Search engines are used not only by people looking for information.
Bots sometimes turn to search engines too — to research keywords, gather data about specific page positions, or click as many times as possible on contextual ads or search results to outpace competitors.
Such bots use search engine resources and can also gather information about users that search engines use to build query suggestions and ranking algorithms.
Google long ago asked webmasters not to use automated programs that check positions or submit pages. “Such programs overload servers and violate search engine usage rules.”
Because of such situations, many search engines have developed methods to distinguish bot queries from human queries. As a search engine tracks queries, it collects a lot of user information. Beyond keywords, this information can include metadata — query time, IP address, search query chains, results pages.
To determine whether a query belongs to a user or a bot, the search engine uses two factor groups: behavioural characteristics and physical query parameters.
One way to know who issued a query is to track some physical query characteristics. Physical parameters include query volume and location. Users can’t make a large number of queries in a short time, unlike bots. Also, one user can’t query from various locations on the planet simultaneously or at short intervals. So the search engine detects botnets or a person using an anonymous search tool but who hasn’t disabled cookies. Physical parameters can identify automated queries. However, some automated queries mimic normal user queries.
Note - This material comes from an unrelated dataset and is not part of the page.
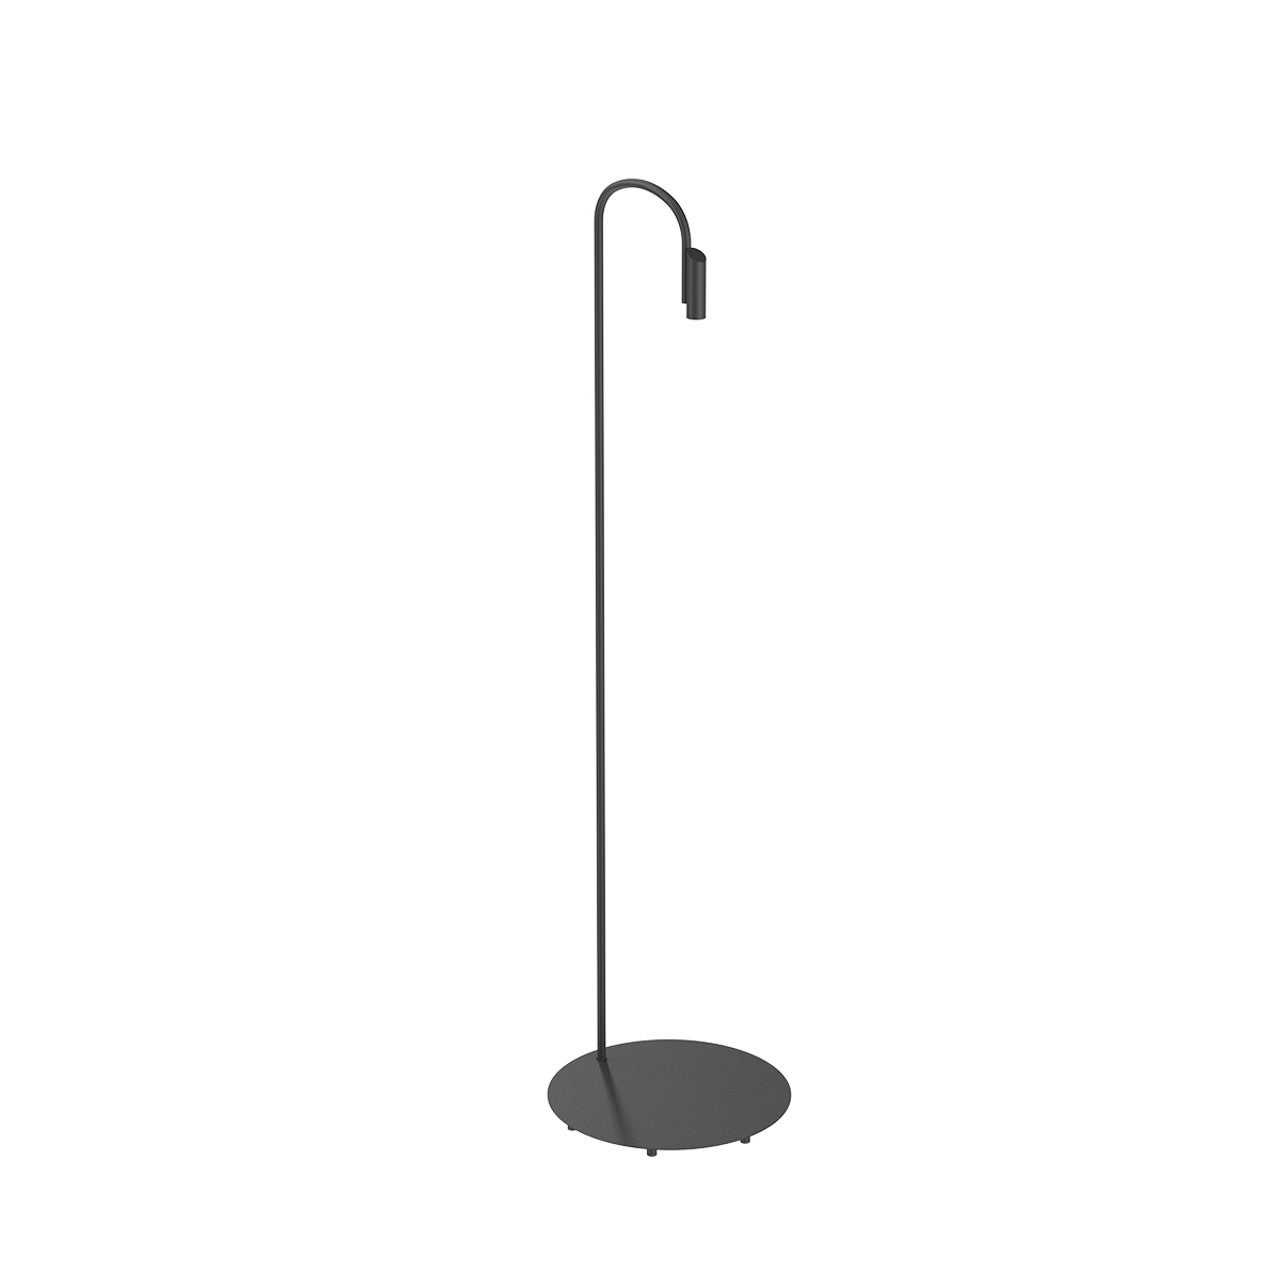 Flos Caule 2700K Model 4 Outdoor Floor Lamp in Black with Regular Shade For Sale
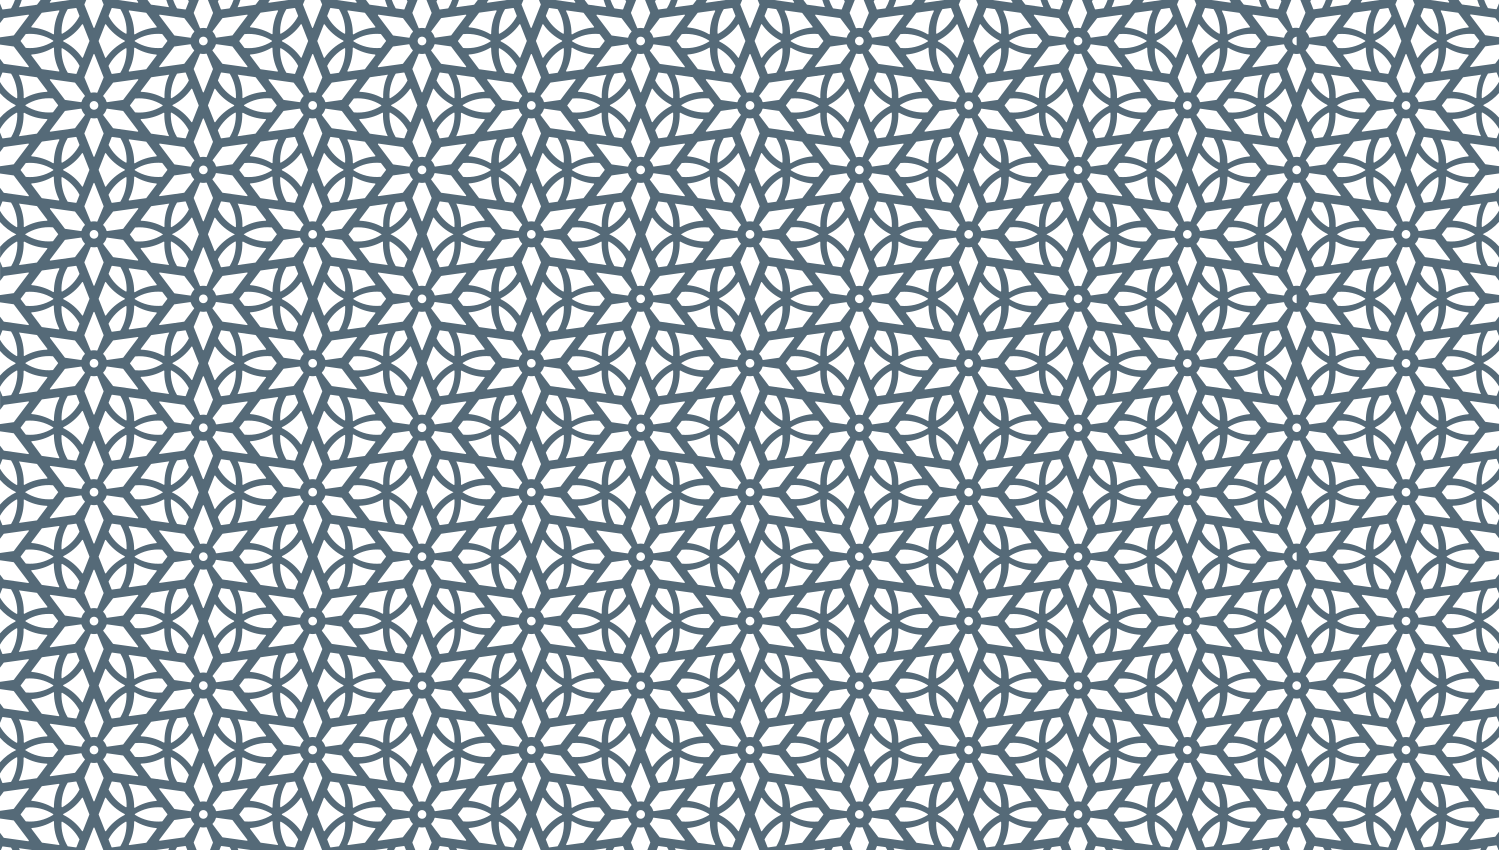 Parasoleil™ Boulder Flower© pattern displayed with a blue color overlay

To distinguish such automated queries, behavioural characteristics exist.
These include:
- CTR (clicks on search results are tracked);
- search order (bots sometimes search alphabetically);
- use of spam words, queries to adult topics;
- many words in a query, especially across several consecutive queries;
- query periodicity;
- use of query operators (bots often use operators);
- category limitedness (a bot’s whole query chain belongs to one or a few narrow categories).
When a query series seems suspicious, the search engine asks the user to answer a question or solve a CAPTCHA.